Recently, I’ve taken on a personal project to apply the Python and machine learning I’ve been studying. Since I’ve an interest in population health, I decided to start by focusing on understanding a 15 year population health specific dataset I found on Kaggle. This dataset was from the US Center for Disease Control and Prevention on chronic disease indicators. In this blog series, I want to demonstrate what is in the dataset with exploration. Later on, I’ll go into more of the data visualization. At this time, I’m not sure I see the opportunity for actual machine learning with only this dataset.

According the the overview on Kaggle, the limited contextual information provided in this dataset notes that the indicators are collected on the state level from 2001 to 2016, and there are 202 indicators. Using jupyter notebook and pd.read_csv() on the file, there are 403,984 rows with 34 columns, or attributes. By running .info() method, the second column in the output below shows that we’ve some missing data. In the last column below, there are different types of data where some are numerical such as integers and floating values and others are objects containing strings of characters.

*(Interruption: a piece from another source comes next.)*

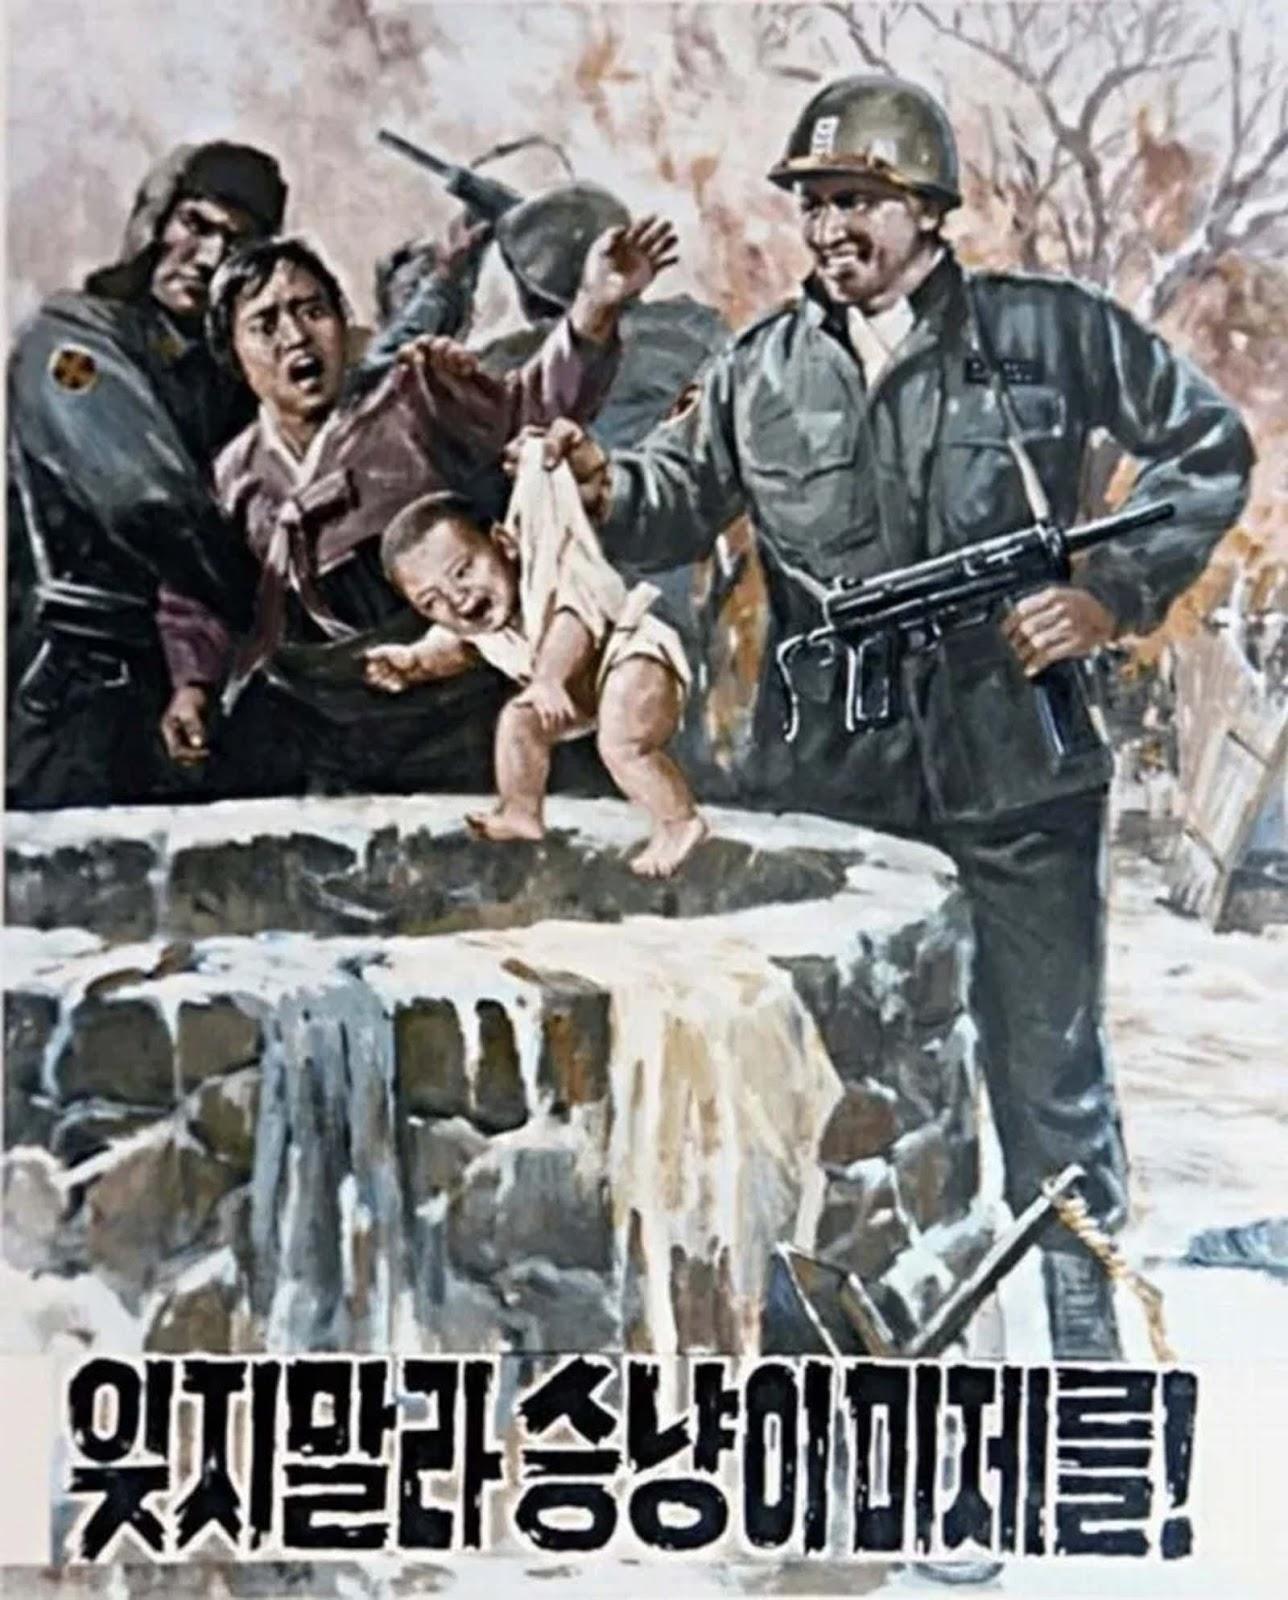 Des images violentes de Nord-coréens anti-Américain de la propagande de l'art, 1950-1970

<class 'pandas.core.frame.DataFrame'>
RangeIndex: 403984 entries, 0 to 403983
Data columns (total 34 columns):
YearStart 403984 non-null int64
YearEnd 403984 non-null int64
LocationAbbr 403984 non-null object
LocationDesc 403984 non-null object
DataSource 403984 non-null object
Topic 403984 non-null object
Question 403984 non-null object
Response 79323 non-null object
DataValueUnit 374119 non-null object
DataValueType 403984 non-null object
DataValue 297817 non-null object
DataValueAlt 273666 non-null float64
DataValueFootnoteSymbol 188019 non-null object
DatavalueFootnote 187853 non-null object
LowConfidenceLimit 246819 non-null float64
HighConfidenceLimit 246819 non-null float64
StratificationCategory1 403984 non-null object
Stratification1 403984 non-null object
StratificationCategory2 79323 non-null object
Stratification2 79323 non-null object
StratificationCategory3 79323 non-null object
Stratification3 79323 non-null object
GeoLocation 401416 non-null object
ResponseID 79323 non-null object
LocationID 403984 non-null int64
TopicID 403984 non-null object
QuestionID 403984 non-null object
DataValueTypeID 403984 non-null object
StratificationCategoryID1 403984 non-null object
StratificationID1 403984 non-null object
StratificationCategoryID2 79324 non-null object
StratificationID2 79324 non-null object
StratificationCategoryID3 79323 non-null object
StratificationID3 79323 non-null object

Let’s understand what each column is about. While some of the column names are relatively self-explanatory, I used set(dataframe[‘ColumnName’]) to better understand the unique categorical data. Here are some examples:

Topic: 400k+ rows of data are grouped into the following 17 categories. There is a corresponding column called TopicID that simply gives an abbreviated label.

{'Alcohol',
'Arthritis',
'Asthma',
'Cancer',
'Cardiovascular Disease',
'Chronic Kidney Disease',
'Chronic Obstructive Pulmonary Disease',
'Diabetes',
'Disability',
'Immunization',
'Mental Health',
'Nutrition, Physical Activity, and Weight Status',
'Older Adults',
'Oral Health',
'Overarching Conditions',
'Reproductive Health',
'Tobacco'}
Distribution of the data by topic. Diabetes, Chronic Obstructive Pulmonary Disease, and Cardiovascular Disease are the top 3 topics

Question: Within each topic, there are a number of questions. There is a corresponding column QuestionID that we’ll use. These are the 202 unique indicators that the dataset has values, and we’ll analyze this further.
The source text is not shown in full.